No you can't. Each type is a different design and they must match.


----------



## Maheel (17/7/12)

can anyone confirm ?

this is the thread i mean and can any "top" screw in if you remove / cut the spear off?

eg can you screw a D or S type thread fitting into a A type keg and vice versa?


----------



## homebrewkid (17/7/12)

quick answer: NO


what do you want to do that for anyway?


----------



## /// (17/7/12)

Keg spotter here, the type of spear does not equate to all the same attachment into the neck.

There are a number of variants, 14tpi (threads per inch) is popular, and the default for tooheys/coopers kegs.

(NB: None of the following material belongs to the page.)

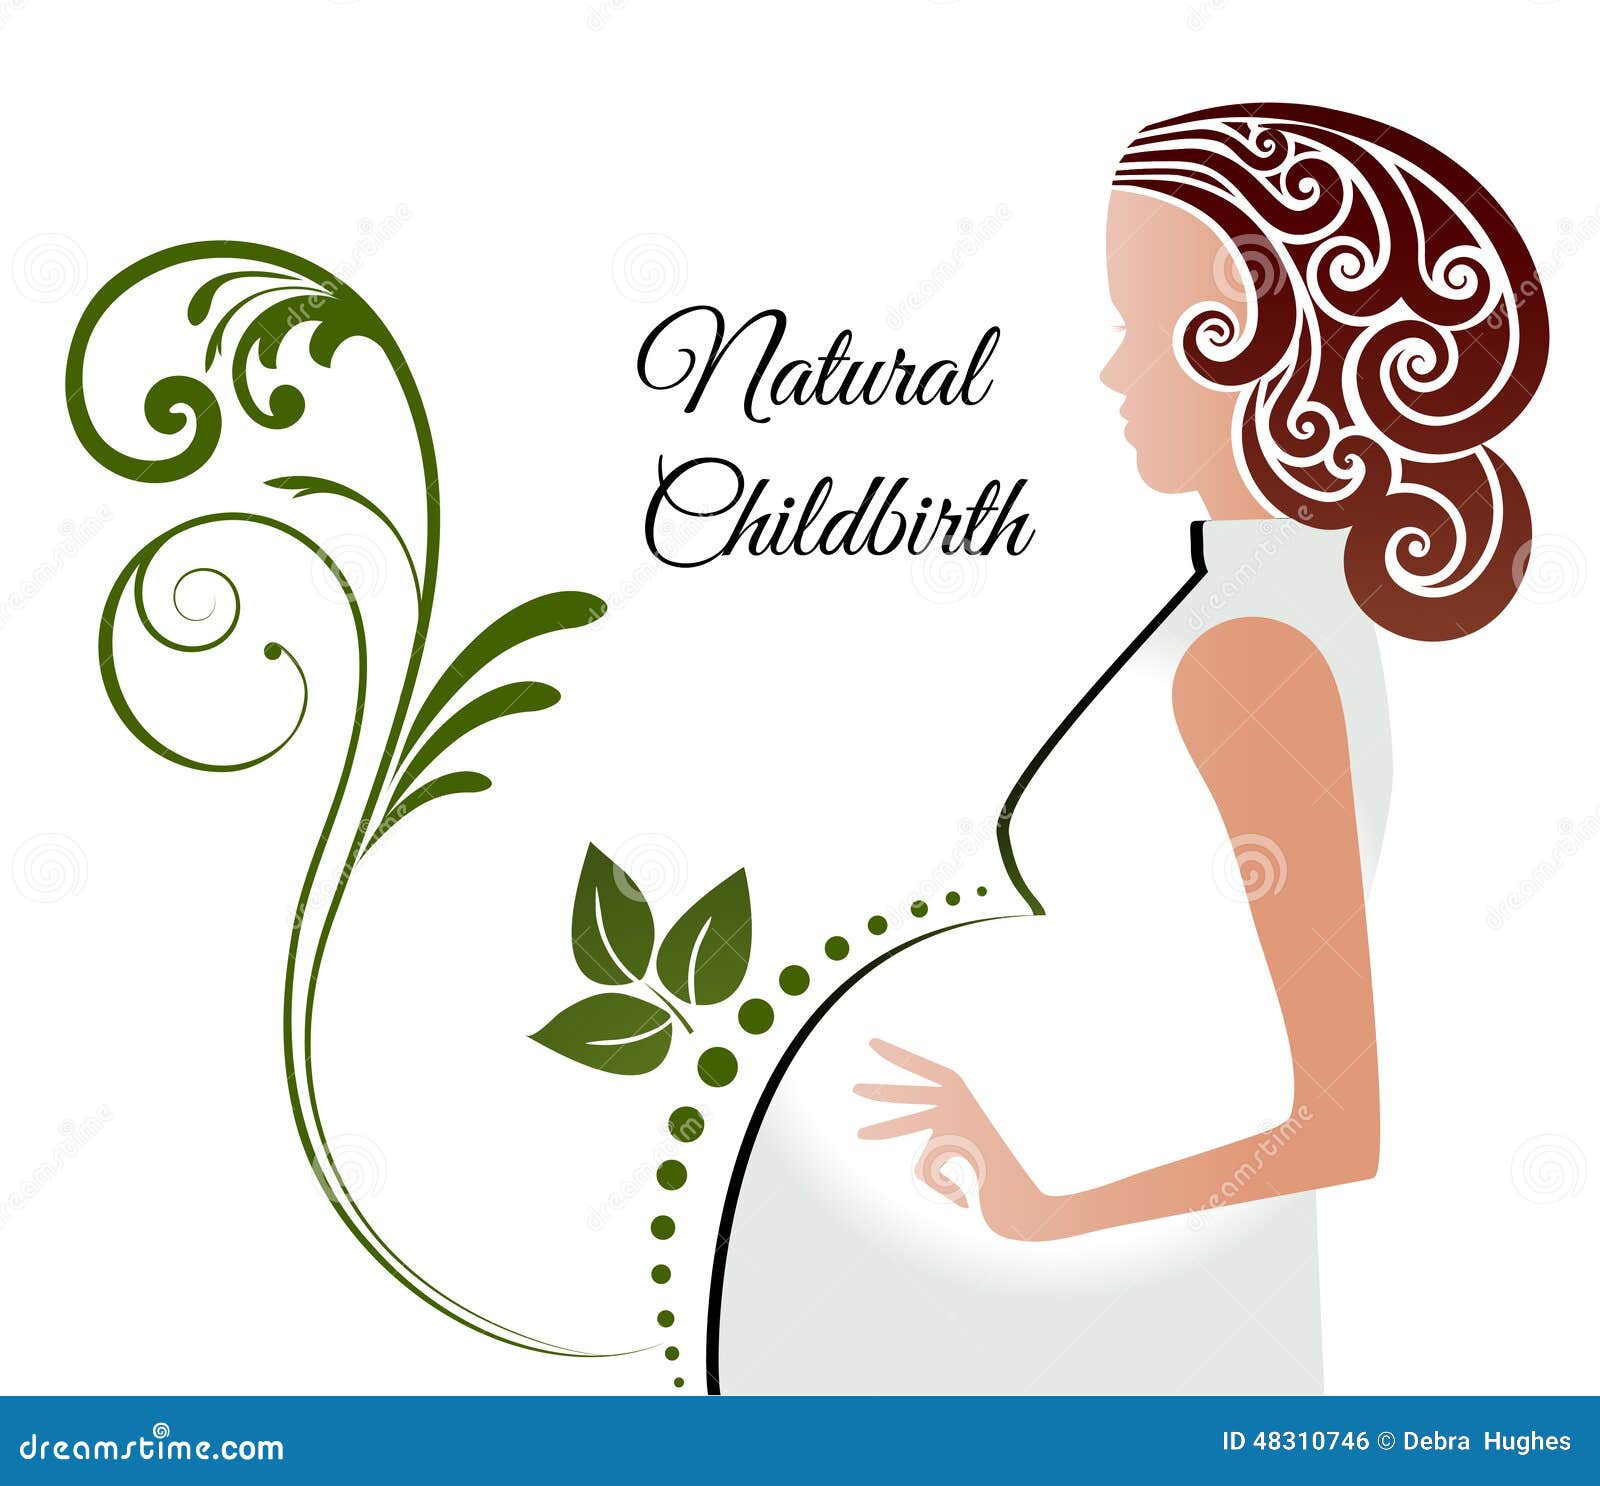 pregnancy natural childbirth

Cub have a draft style neck, where there are 2 lugs on the insideneck and this follows a channel on the spear body to lock into position. That being said, you can d style necks with 14tpi, same for the S and G and U type spears.

Theres a new type of spear I was part of the project called a WS-SOS, the flat type fitting with the Draft type body on the spear. Sounds confusing, it is, it is per the customer in many instances, so with this we can make it simple. The majority of DIN (tall) style kegs in Oz (Tooheys/Coopers/Bluetongue) are 14tpi. All CUB Euro (squat) are Draft style necks. 

14tpi and Draft necks are not interchangable.

Scotty


----------



## Maheel (17/7/12)

thanks guys 

i have only had the DIN tall ones (A) and after looking at lots of pics was not sure.

i was going through the scrap bin and wondered if the fittings were interchangeable... but had none to test.

cheers


----------